Painting and Quitting

I’m thinking about interviewing some of my artist friends about their art process and posting them here. 

I know a lot of artists, so why not? Getting them to answer questions might be a whole other story though. All I can do is ask them, so I’ll start fishing around.

In the meantime, I got back to work on my Bat, Cat, Cake, Snake painting, adding the gold and green bits. 

I had to make some stuff in watercolors first, holiday gifts they were. I’d post them, but then that would ruin the surprise, so I can’t. So now I’ll move onto the reds in the oil painting and go from there. 

I have an appointment with my probable surgeon on the 29th to talk to him about the incision situation. If all goes well, I feel I can be set with him, stop looking around for someone else, and maybe even get a surgery date set up for March. Hopefully. We’ll see.

My diet has kind of come to a slight halt. I’m disappointed. I’m disappointed in myself. I have to lose at least five pounds a month, and I’ve lost only two in the last six weeks. After I was sick, I gained back all those pounds I lost. Once I got my appetite back, it was difficult to stay on a strict diet. I went from 1200-1300 calories a day to around 1600, and I can’t do that without gaining or staying put. Oh well. I’m trying to be better, but Hannah bought a bunch of Jelly Bellies, and they sit in a bowl on the coffee table. 

I did quit smoking for three weeks about a week ago. Then I caved. I bought a couple of packs and went back like a fool. However, I quit again yesterday. Now I have to start all over again. For me, withdraw usually lasts a good two weeks. From there, it’s all mental. 

Around the fourth or fifth day of not smoking, I freak the fuck out. The cravings build, and those days are the worst. When I get past that hump, it gets a bit easier, and after the second week, I can handle it much better. But for now, I’m in a bad mood. I’d like to sleep it all off if that’s possible. That, or stay busy. I’ll probably switch between the two. 

Full disclosure, I’ve given up a lot of things. You pretty much name it, I’ve had to quit it. I’ve either been addicted or dependent on certain vices (there’s a difference). Either way, trying to quit those things were extremely difficult and massively uncomfortable–some more than others. It depended on various factors: motivation, fear, health, being tired of it, legality.  

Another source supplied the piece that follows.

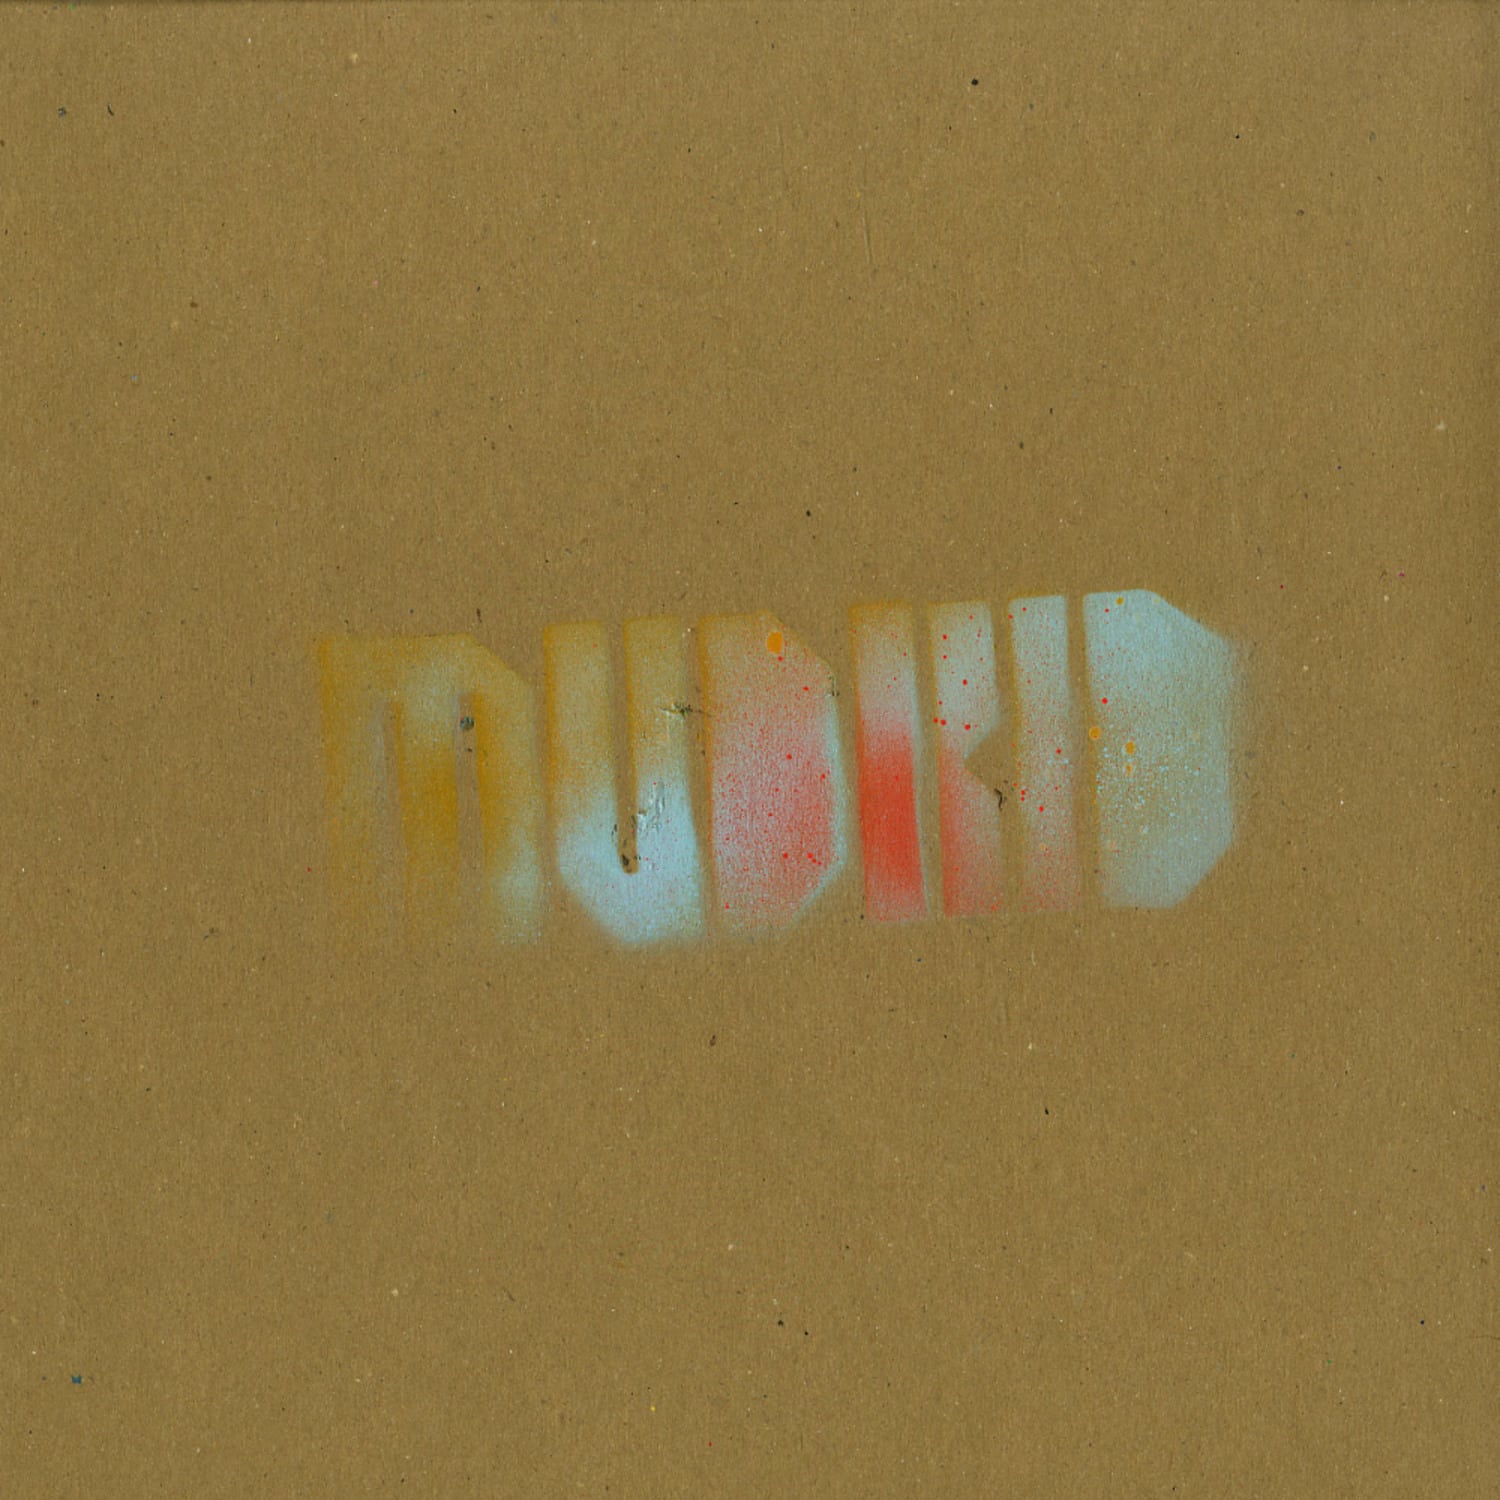 Mudkid - MUDDY BLUES EP 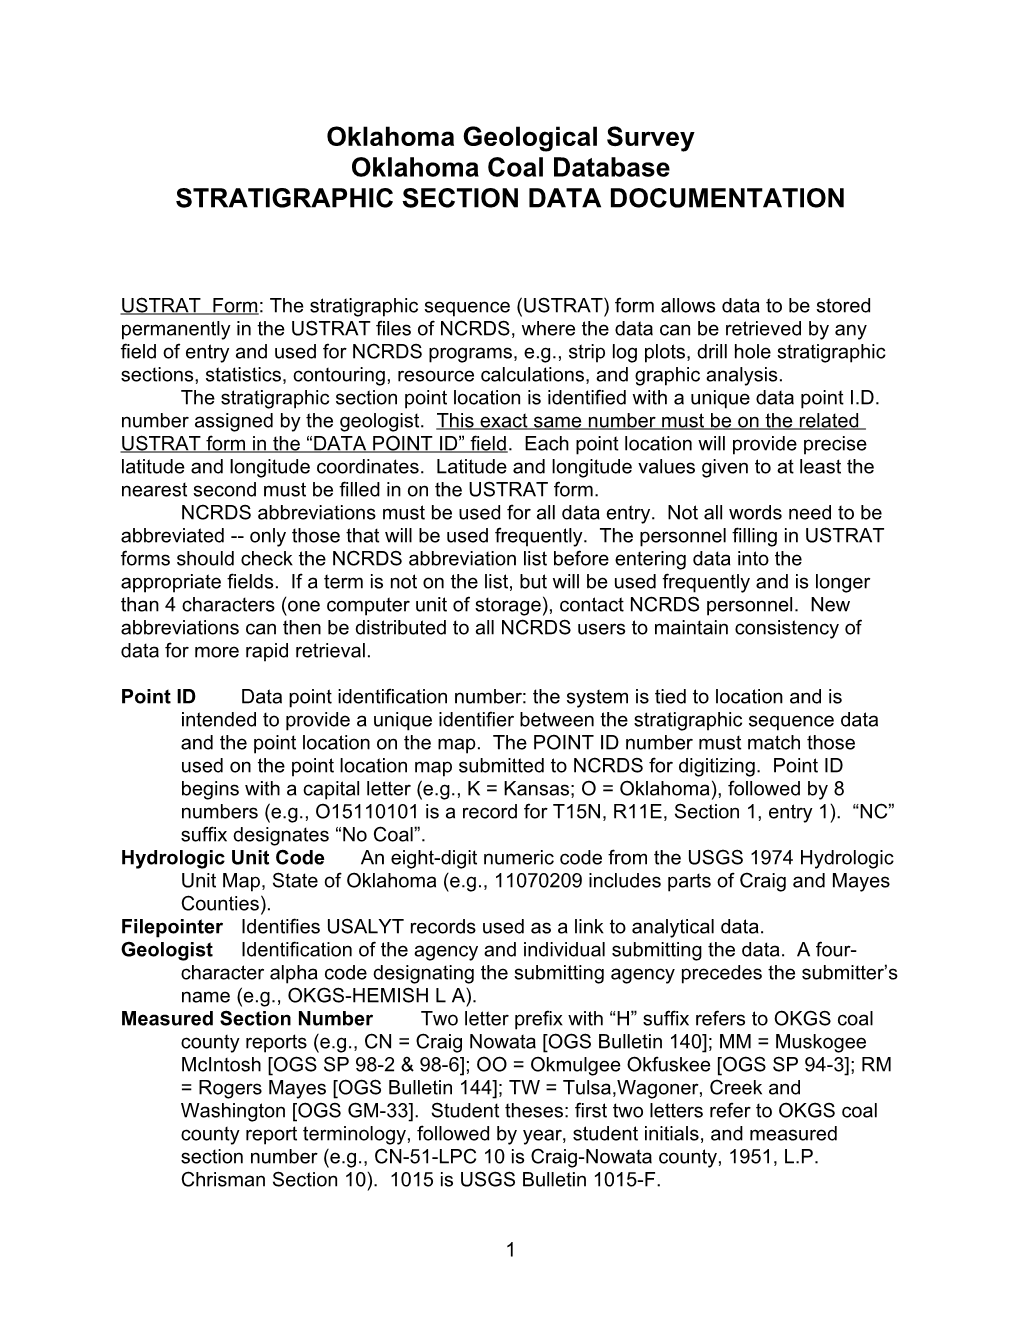 Stratigraphic Table Documentation

Of all the things I’ve ever had to give up, smoking, by far, is the hardest thing I’ve ever tried to conquer. I’ve not smoked for over ten years before–from age 30 to 40. I’ve quit for three years, two years, eight months, several weeks, and days, etc. I’m really good at quitting.  

This time, I have to leave it for good. I have no other choice.

Yes, I know it’s an awful habit. It’s gross. It stinks. It’s bad for my health. It casues all types of cancer. It will kill me. I can’t breathe. I can’t walk. All of that. I’m well aware. But I still don’t want to quit–because I’m absolutely addicted. My brain says, “I don’t want to stop.” Who wants to stop anything when they’re addicted? Nobody. 

But I have 24 hours behind me. I have to keep on keeping on. Good luck to me.

2 thoughts on “Painting and Quitting

  1. lindacbugg December 27, 2020 / 11:58 pm

    I quit for a year (the 1st time) easy peasy, no withdrawal, no issues, but the 2nd time it was stop & go for a year (& I was constantly sneaking butts from the front porch)
    When David got his COPD diagnosis it was still hard to quit, though I cut back to less than 1/2 a pack. When he died only a month after being in the ICU for the 2nd time & after coming home with oxygen it just felt stupid to still be smoking after watching him die from them. I still get horrible cravings though.

  2. Carol Es December 28, 2020 / 8:28 am

    Yes, that must have been really difficult. I even quit for a year after I was in the hospital with a near-death pneumonia. I was so stupid to go back. This time I have to before my surgery. I’m on my last pack ever (again) now.

    I still really miss David. I know you do too. It’s been just awful not being able to speak to him through email and have that special friend that understands me inside out. So goddamn sad.